Tematiche come l'accoglienza, l’integrazione e l’inclusione e soprattutto il rispetto della diversità ma anche il femminismo e la violenza sulle donne, il maschilismo, il bullismo e finanche il rispetto per l’ambiente, sono trattate con eleganza, garbo ed incisiva leggerezza mentre la messa in scena ci narra l’avventura di quattro meravigliose Sirene, che approdano sui lidi di Napoli in cerca del tritone Ares, ultimo della specie mediterranea e senza il quale le mitologiche creature rischiano l’estinzione o comunque l’abbandono delle “Acque Natie”.

Come ha dichiarato il presidente di RaiFiction, Tina Andreatta: "questo progetto meraviglioso, ambientato in un altrettanto affascinante sfondo qual è la citta di Napoli, nasce per rompere un tabù oramai acclarato della televisione italiana: quello del genere fantasy. È la prima volta da decenni che finalmente superiamo questo ostacolo, un passo davvero importante proprio perché ci si è avvicinati in passato al genere fantasy ma mai con il connubio di ambiente marino e di effetti speciali come in questo caso.
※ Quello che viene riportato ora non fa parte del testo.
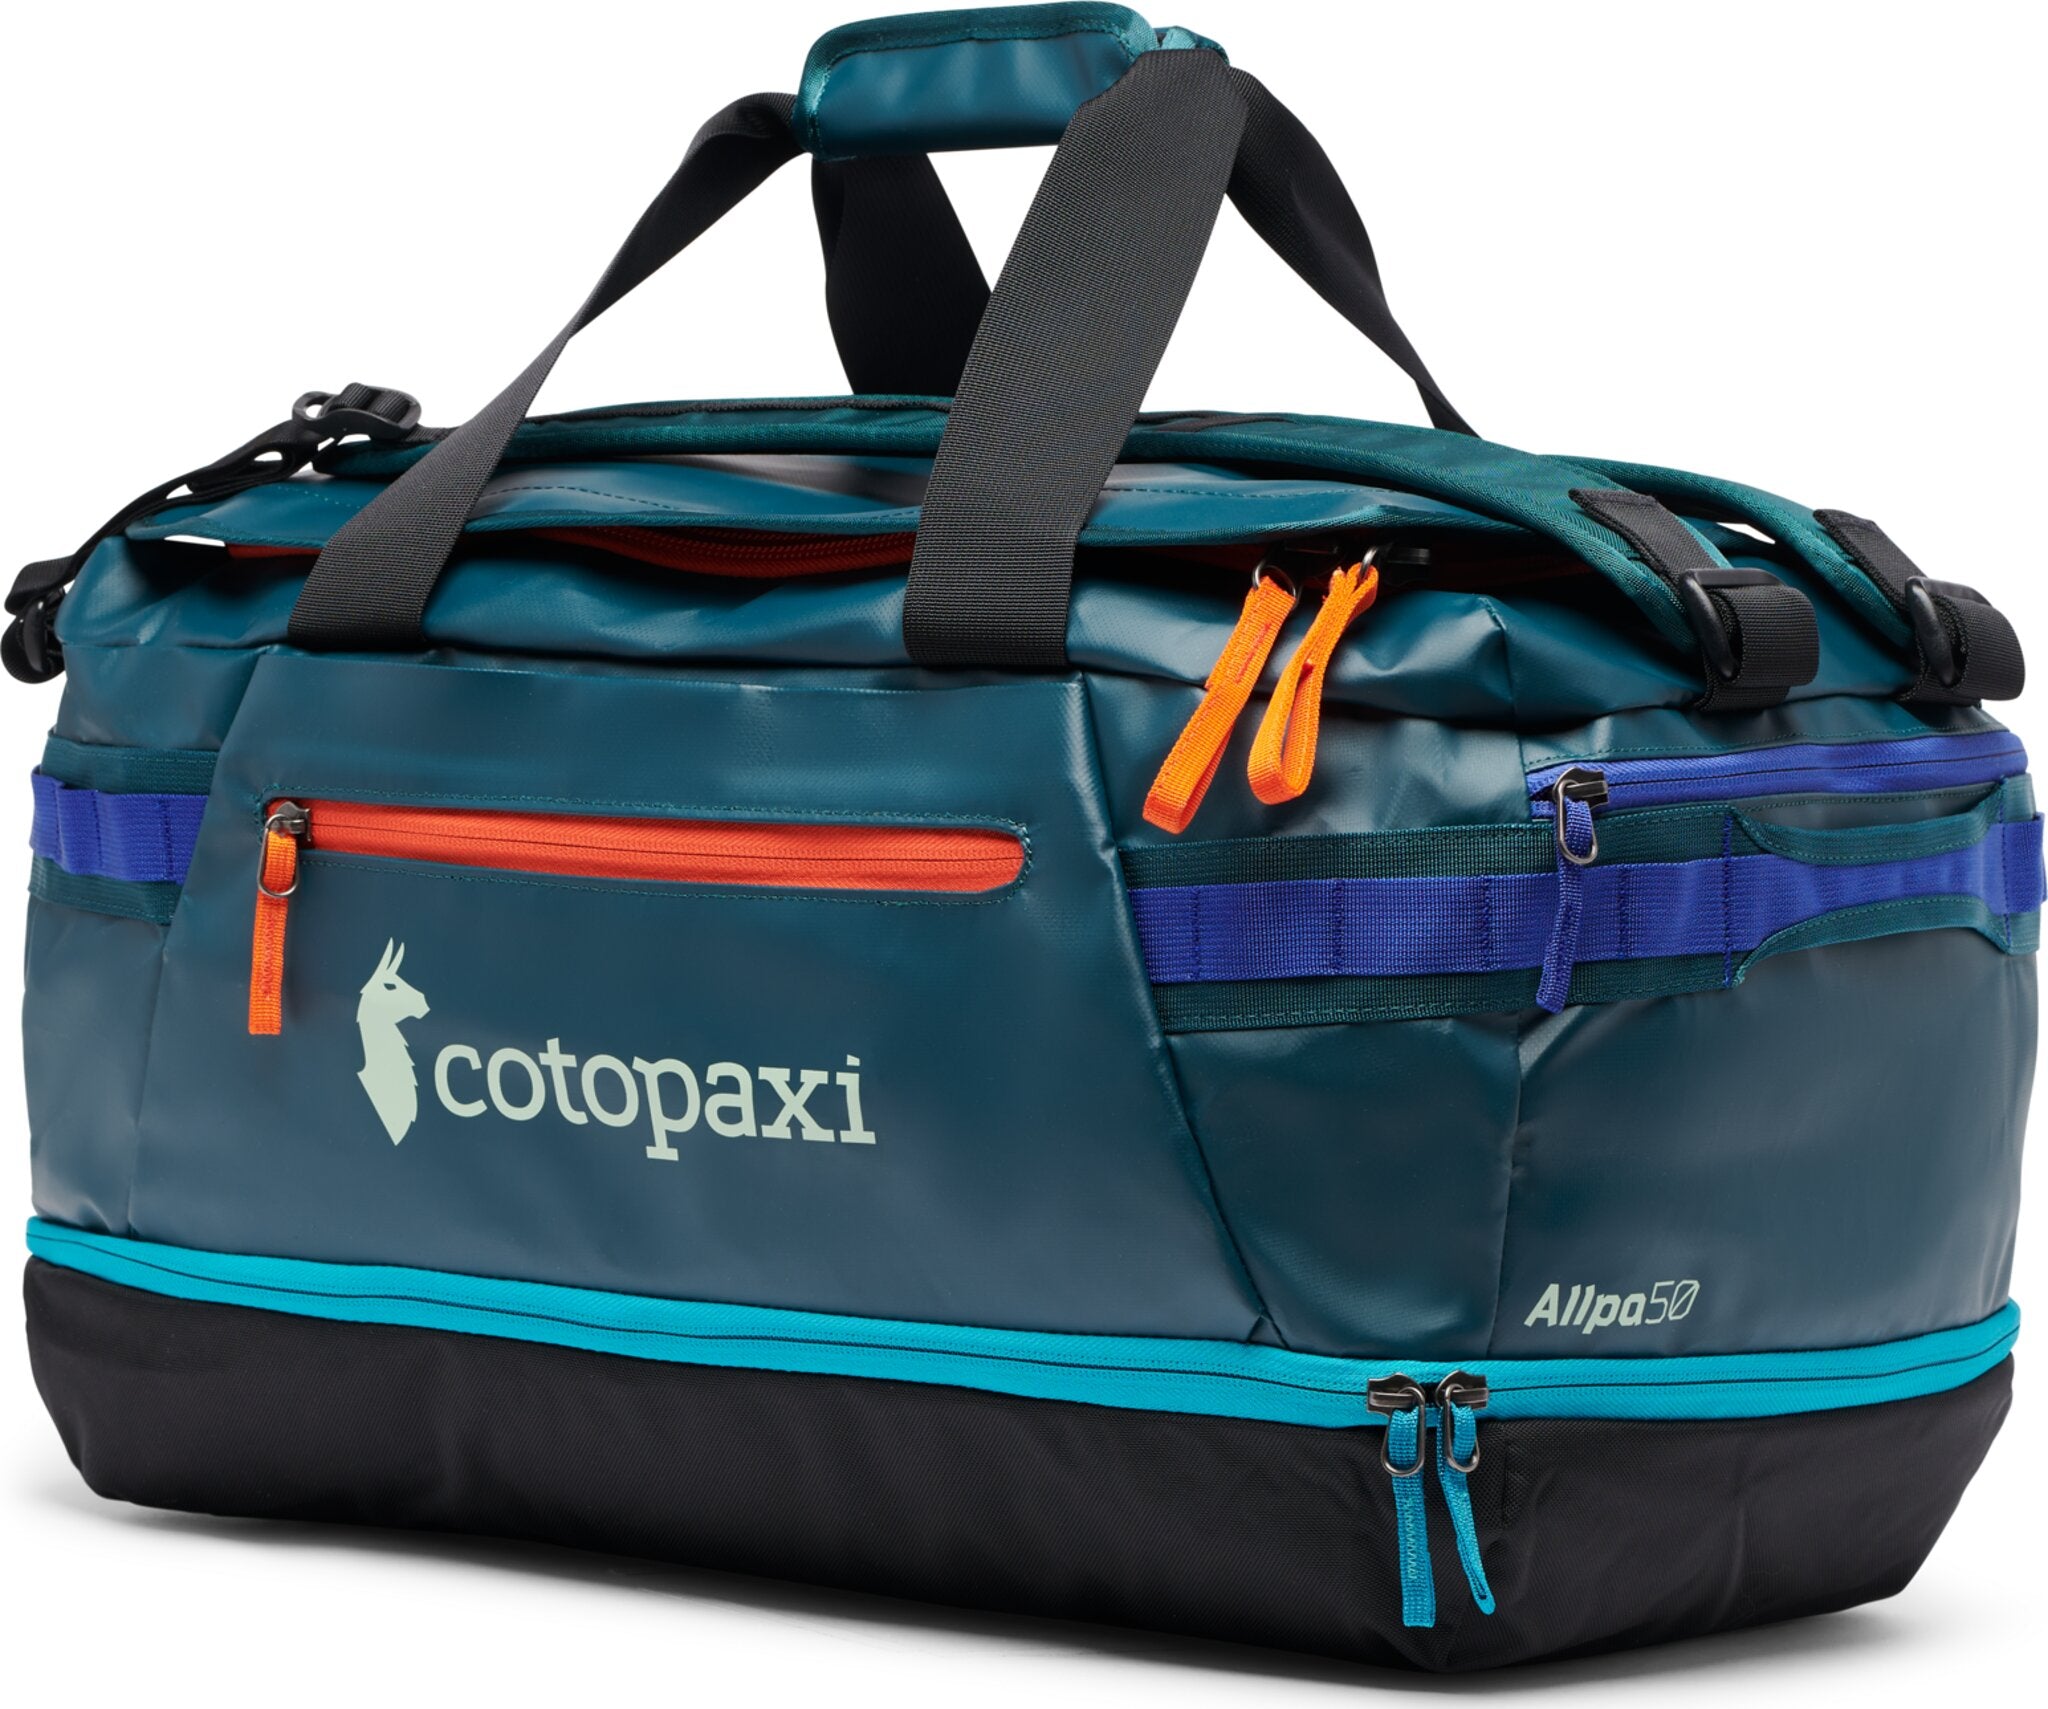 Cotopaxi Allpa Duffel Bag - 50L | Altitude Sports

È un genere del tutto nuovo ma filtrato dall'identità e dalla particolarità della nostra cultura italiana e da quella napoletana in particolare, ricchissima come poche".

Oltre alle quattro Sirene protagoniste, magistralmente interpretate dalle stupende Valentina Bellè, Ornella Muti, Maria Pia Calzone, Denise Tantucci e dalla piccola Rosy Franzese, ed agli spettacolari interpreti maschili (su tutti uno straordinario Luca Argentero perfettamente a suo agio nella lingua e nella città partenopea ed il magnifico Massimiliano Gallo) la vera anima dello show è indubbiamente Napoli, la Sirena Parthenope: una metropoli magica, incantata, fatta di luci ed ombre filtrate attraverso lo sguardo prima distaccato poi affascinato delle Sirene mediterranee che la percorrono estasiate dalla grande bellezza ma soprattutto ne scoprono il romanticismo, la gioia, la profonda umanità, la passione, le lacrime e la storia (tanto della città quanto dei suoi meravigliosamente veraci abitanti). E d’altronde, diciamoci la verità: tanto noi quanto la Rai sappiamo bene che in Italia non esiste città che sia più romantica, affatata, miscellanea di Napoli, del suo golfo, dei suoi vicoli, della sua notte fatta di stelle e palazzi antichi e storia e leggenda (visto che proprio una delle più belle leggende antiche vuole che Napoli sia stata fondata dalla Sirena Parthenope).

Durante la loro permanenza forzata sulla terraferma, le sirene dovranno quindi conoscere meglio gli essere umani, i maschi in particolare, come ci descrive perfettamente il suo creatore e showrunner Ivan Cotroneo (già famoso per aver realizzato quel piccolo capolavoro qual è Tutti Pazzi per Amore, sempre per Rai Fiction): "Sirene è una guerra tra i generi. L'idea alla base è: quando abbiamo di fronte qualcuno completamente diverso da noi possiamo convivere o addirittura amarci? La risposta alla domanda arriverà alla fine delle sei serate, ma noi abbiamo scritto Sirene pensando che siano possibili la convivenza e l'inclusione tra specie diverse".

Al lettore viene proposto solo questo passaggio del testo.